2. What data we collect

Assessment answers

When you complete an assessment, your answers (numerical scores on a 0–3 scale) and your generated report data are stored in our database. This data is associated with a randomly generated Report ID — not with any personal identifier. No name, email address, or login is required.

Payment data

Payments are processed by Stripe. We do not handle or store credit card information directly. When a payment is completed, we receive from Stripe: the Stripe session ID, the Report ID you paid for, and the email address you provided to Stripe. This information is stored to allow you to recover access to your paid report.

Usage analytics

We use Google Analytics 4 to collect anonymised information about how the site is used — including pages visited, time on site, and general geographic location (country/city level). This data is collected via cookies and is processed by Google in accordance with their privacy policy. IP addresses are anonymised.

We also log internal events (page visits, assessment completions, payments) in our own database using a hashed IP address. This data is used only for understanding how the site is being used and is never shared.

Session data

We use standard PHP sessions to maintain your state as you move through the assessment. Session data is stored temporarily on our server and expires after your browsing session ends.

3. How we use your data

  • Assessment data — to generate and display your report, and to allow you to recover a paid report if you lose your session
  • Payment data — to verify your payment and grant access to your full report
  • Analytics data — to understand how the site is used and improve it
  • Email address — stored securely; used only if you contact us for support

We do not sell, rent, or share your personal data with third parties for marketing purposes.

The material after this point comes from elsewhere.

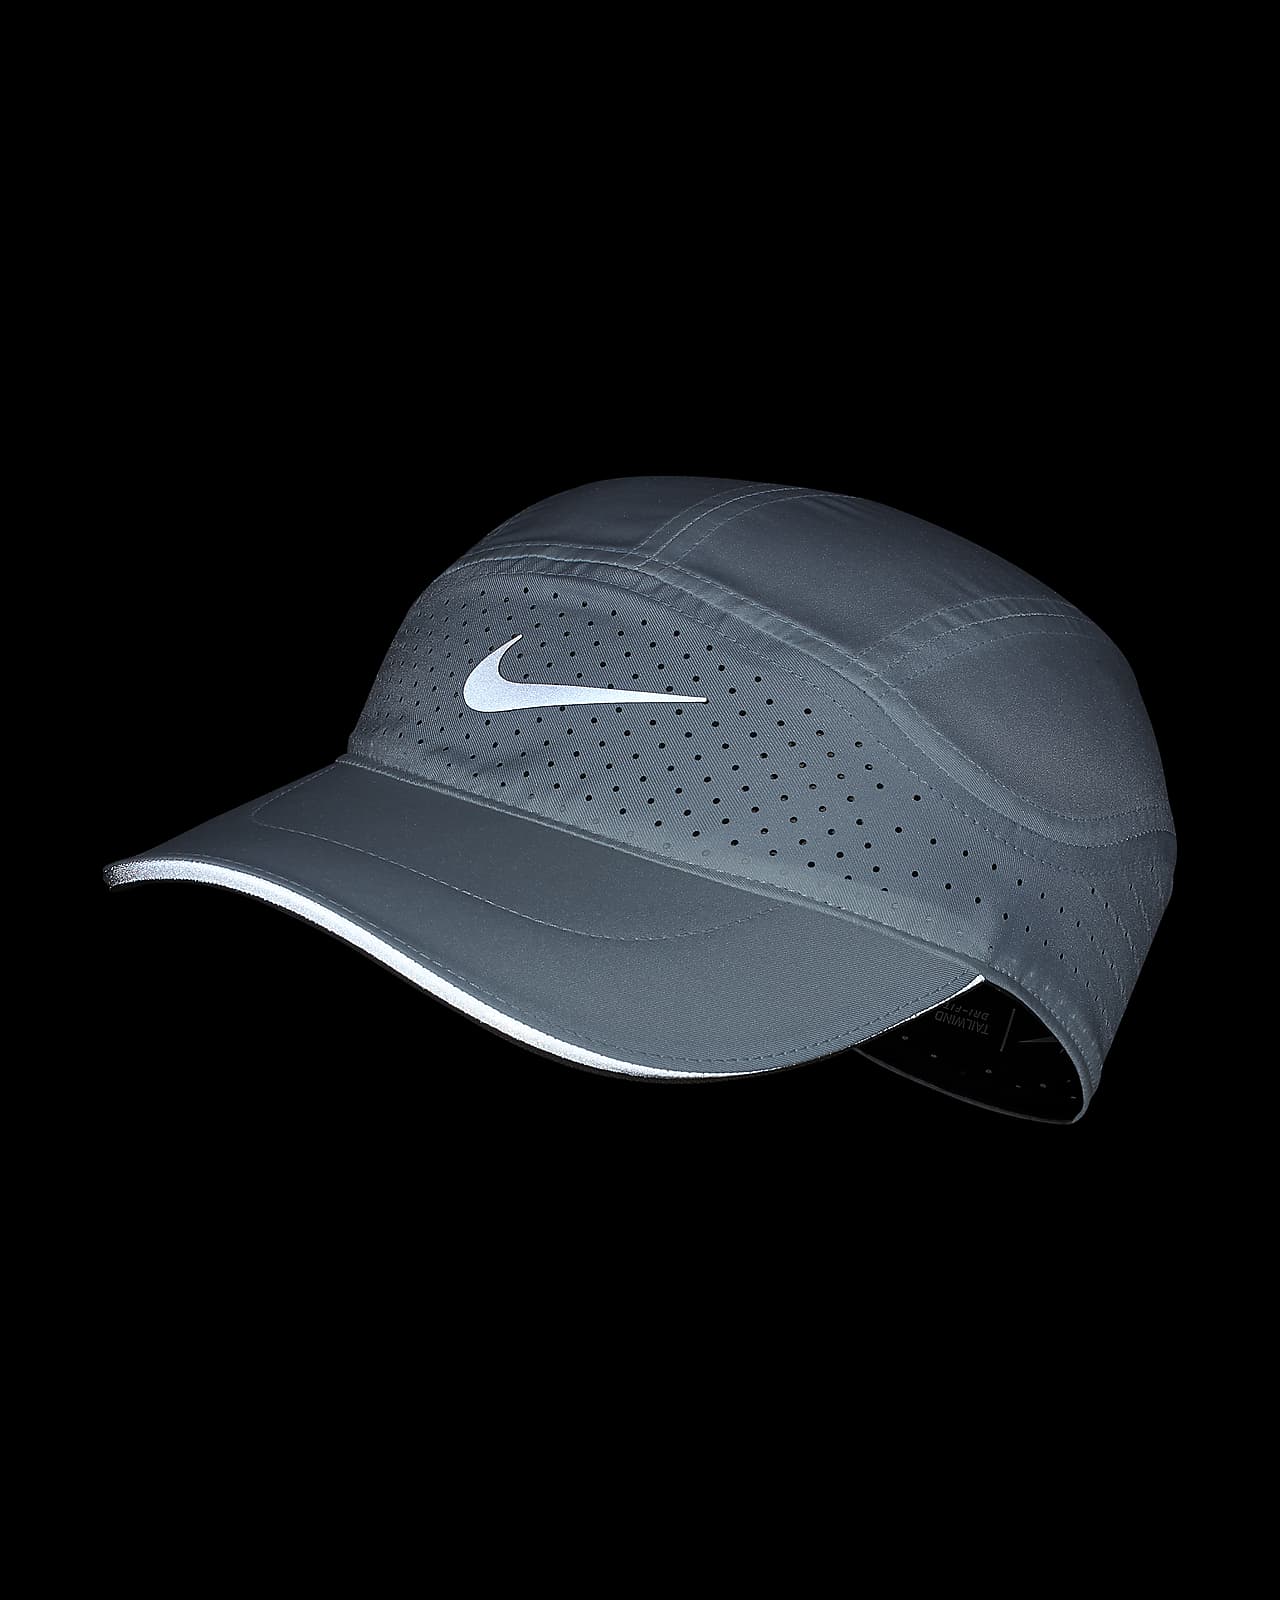 Nike AeroBill Tailwind Running Cap.
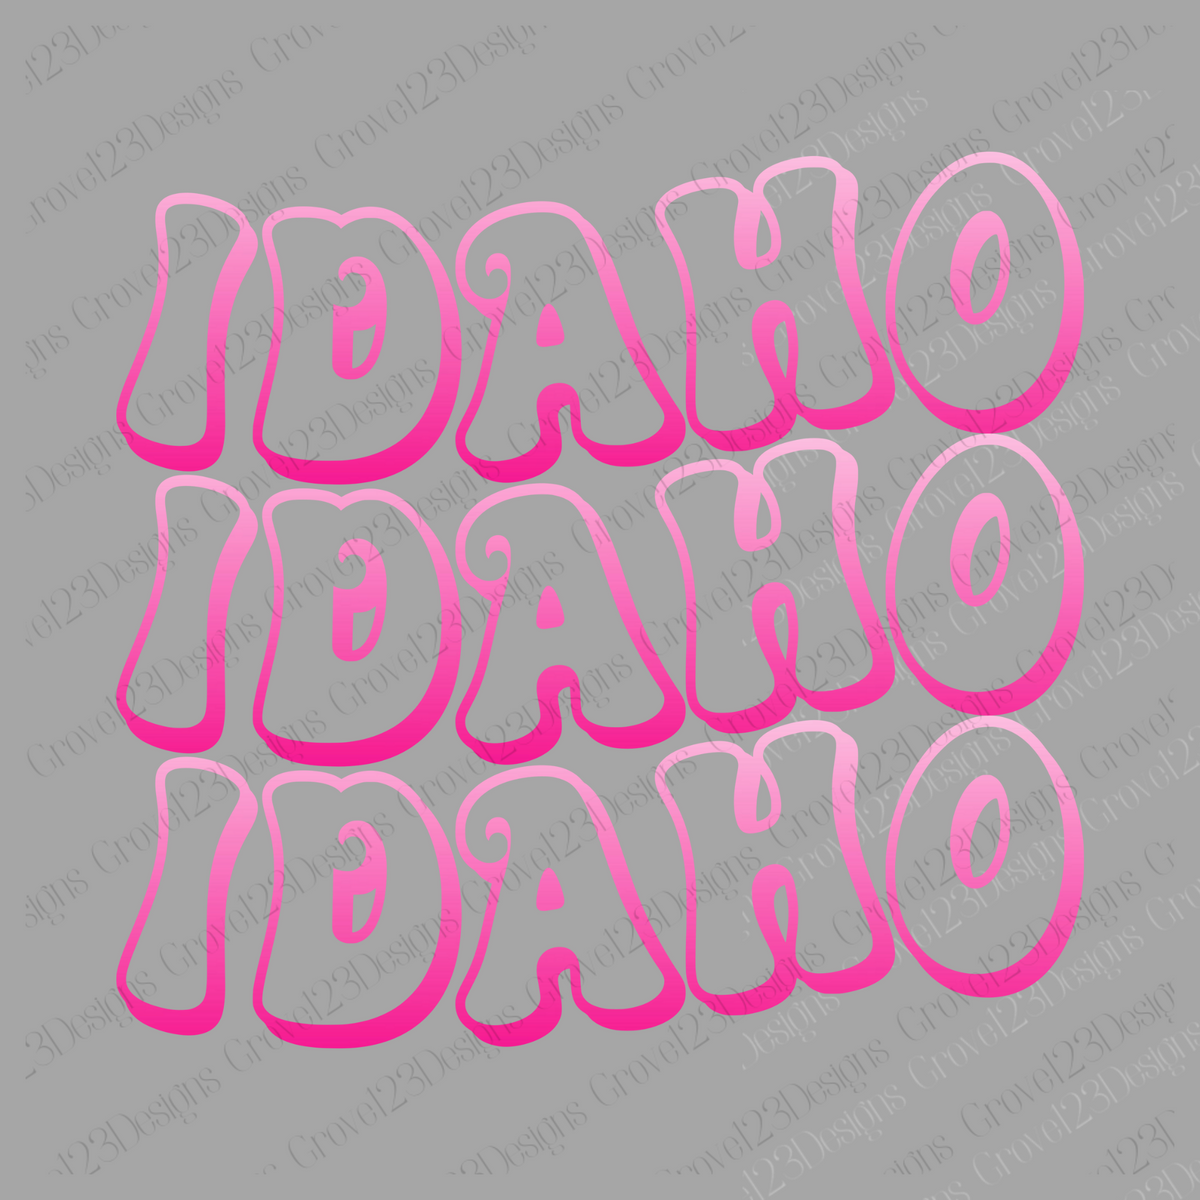 Idaho Retro Wavy Pink Ombre

3a. Legal basis for processing (GDPR)

We process your data on the following legal bases under GDPR Article 6:

  • Contract performance (Art. 6(1)(b)) — processing assessment answers and payment data to deliver the service you have requested
  • Legitimate interest (Art. 6(1)(f)) — internal analytics and logging to understand site usage and improve the service
  • Consent (Art. 6(1)(a)) — Google Analytics cookies, collected only after you accept via our cookie banner

Assessment answers relate to personal relationships and may indirectly touch on sensitive matters. We minimise this by collecting only numerical scores (0–3), not free-text descriptions, and by not linking data to any identified individual.

4. Third-party services

  • Stripe — payment processing. See Stripe's Privacy Policy.
  • Google Analytics 4 — usage analytics. See Google's Privacy Policy.
  • OpenAI — your report scores and answers are sent to OpenAI's API solely to generate your personalised full report. OpenAI acts as a data processor under our Data Processing Addendum (DPA). OpenAI does not use API data to train their models. Data is transmitted over encrypted connections and not retained by OpenAI beyond the API call. See OpenAI's Privacy Policy and API data usage policies.

5. Data retention

  • Assessment and report data: stored for 90 days from the date of creation, then automatically deleted
  • Paid report data: retained for 12 months to allow report recovery
  • Analytics events: retained for 24 months

6. Cookies

We use the following cookies:

  • Session cookie — a temporary cookie (PHPSESSID) that maintains your session while you use the site. It is deleted when you close your browser.
  • Google Analytics cookies — used to distinguish users and sessions for analytics purposes. These persist for up to 2 years.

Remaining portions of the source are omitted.